Security analysis and review of digital signature-based low-cost RFID tag authentication

BACKGROUND: In logistic processes, radio frequency identification (RFID) technology provides possibilities for improving the integrity of shipments, the performance of supply chains and for enabling leaner processes. RFID tags are used in logistics to identify and authenticate users, products or shipments. Especially cheap, passive long-range low-cost RFID tags are of interest, but these provide security-related challenges. In new implementations of this RFID technology the threats and risks must be carefully considered as they can result in system malfunctioning, revenue losses and illegal activities. Hence, there is a need for cryptography techniques for low-cost RFID tags. Various lightweight security mechanisms that take into account the limitations of the tags have been designed. The potentiality of using asymmetric cryptography and digital signatures in tags is one such mechanism that enables more secure tag authentication. RESULTS: This paper explores how asymmetric digital signatures have been used for RFID tag authentication. The paper provides a literature overview of the methods used in both research and in commercial products, and provides knowledge about gained and missing protection in such use cases. A method based on asymmetric Elliptic Curve Digital Signature Algorithm (ECDSA) digital signatures has been developed for the authentication of low-cost RFID tags.
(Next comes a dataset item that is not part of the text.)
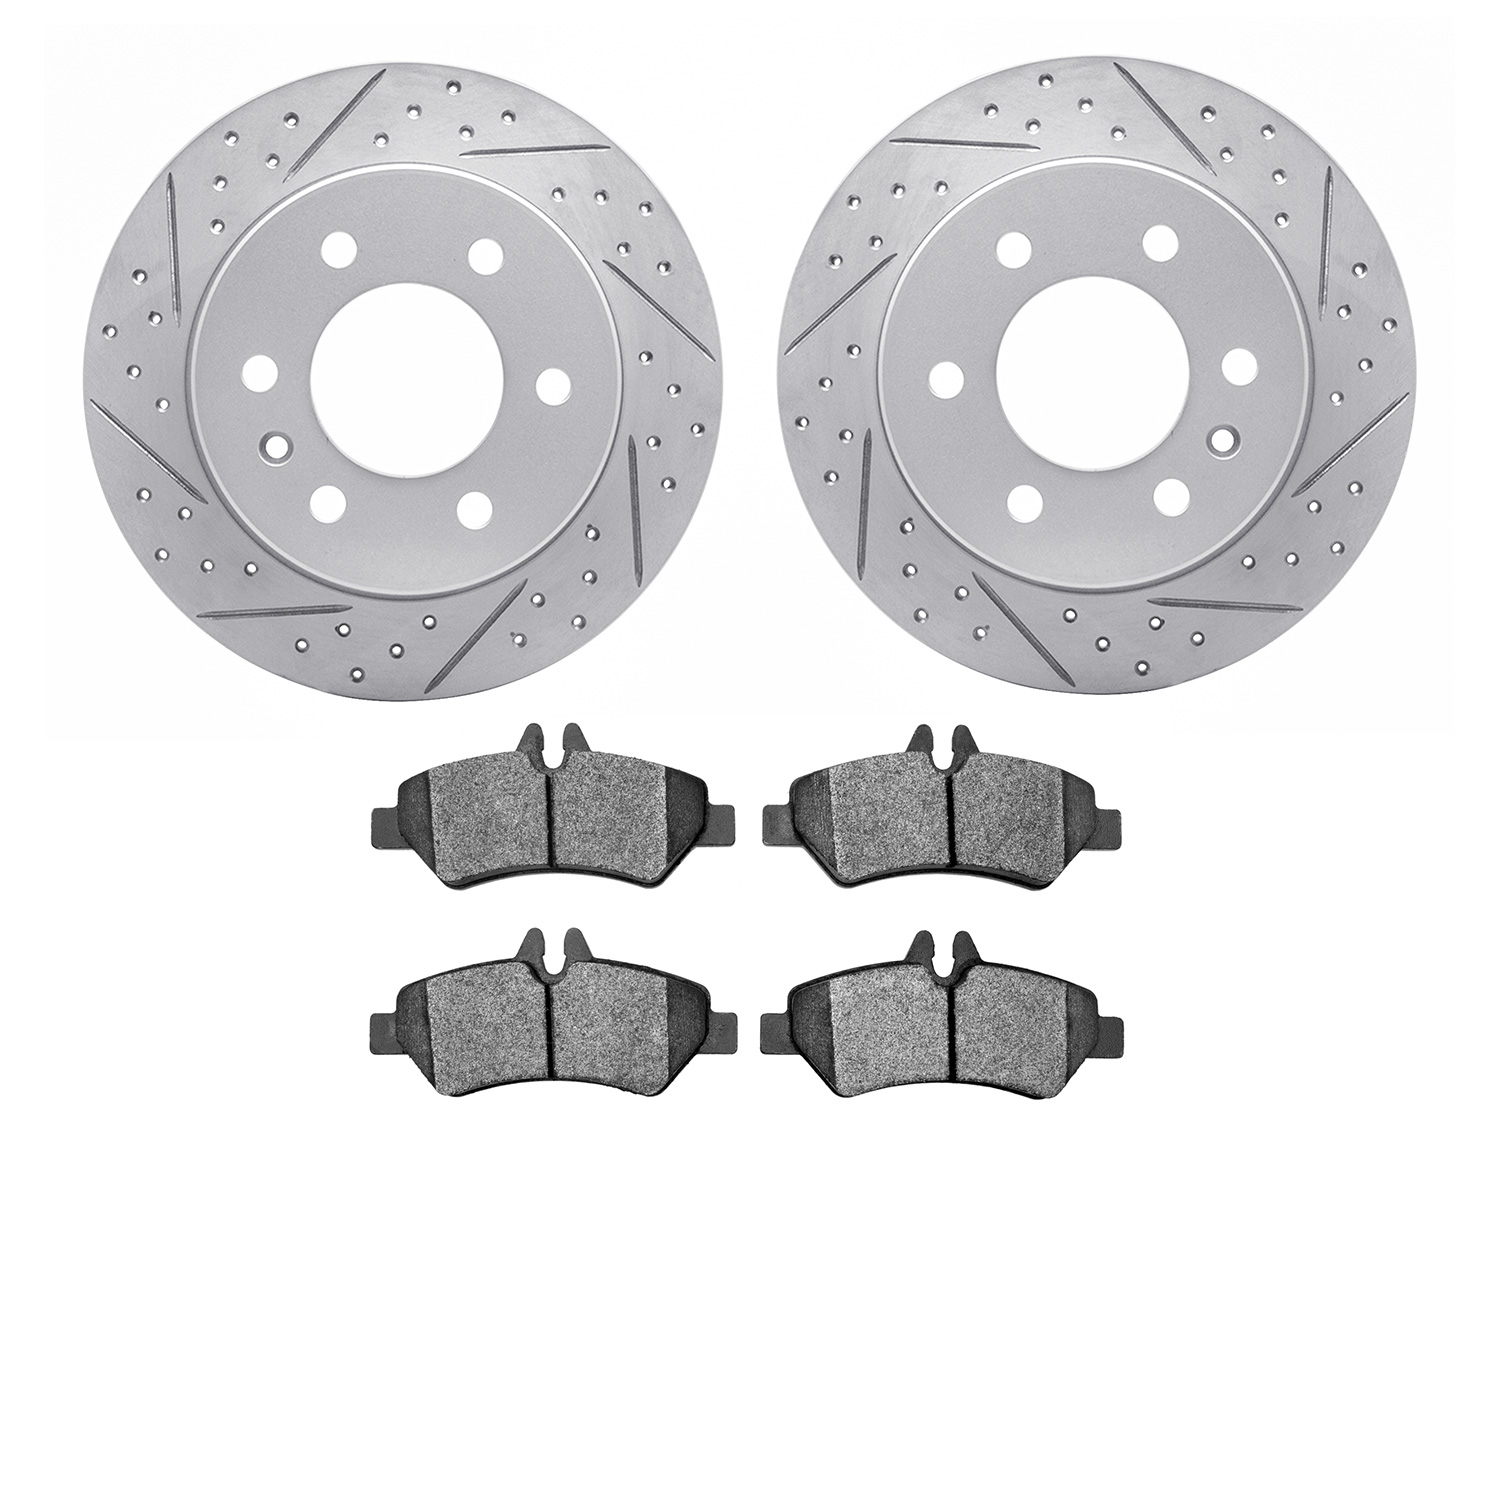 2502-40025 Geoperformance Drilled/Slotted Rotors w/5000 Advanced Brake Pads Kit, 2007-2018 Multiple Makes/Models, Position: Rear

In addition to this, the paper categorizes RFID threats to categories as presented in IETF RFC 4949 and analyzes how using asymmetric cryptography-based digital signatures protects against described threats and attacks suitable for low-cost RFID tags that do not use additional security mechanisms. CONCLUSIONS: This paper finds that asymmetric cryptography and digital signatures are suitable for low-cost RFID tags and that usage of them gives additional security, especially against physical data modification and impersonation attacks. The research underlines that IETF RFC 4949 is suitable for categorization of threats and attacks towards RFID technology. In addition to this, systematic threat and attack categorization and analysis enables the specification of further threats.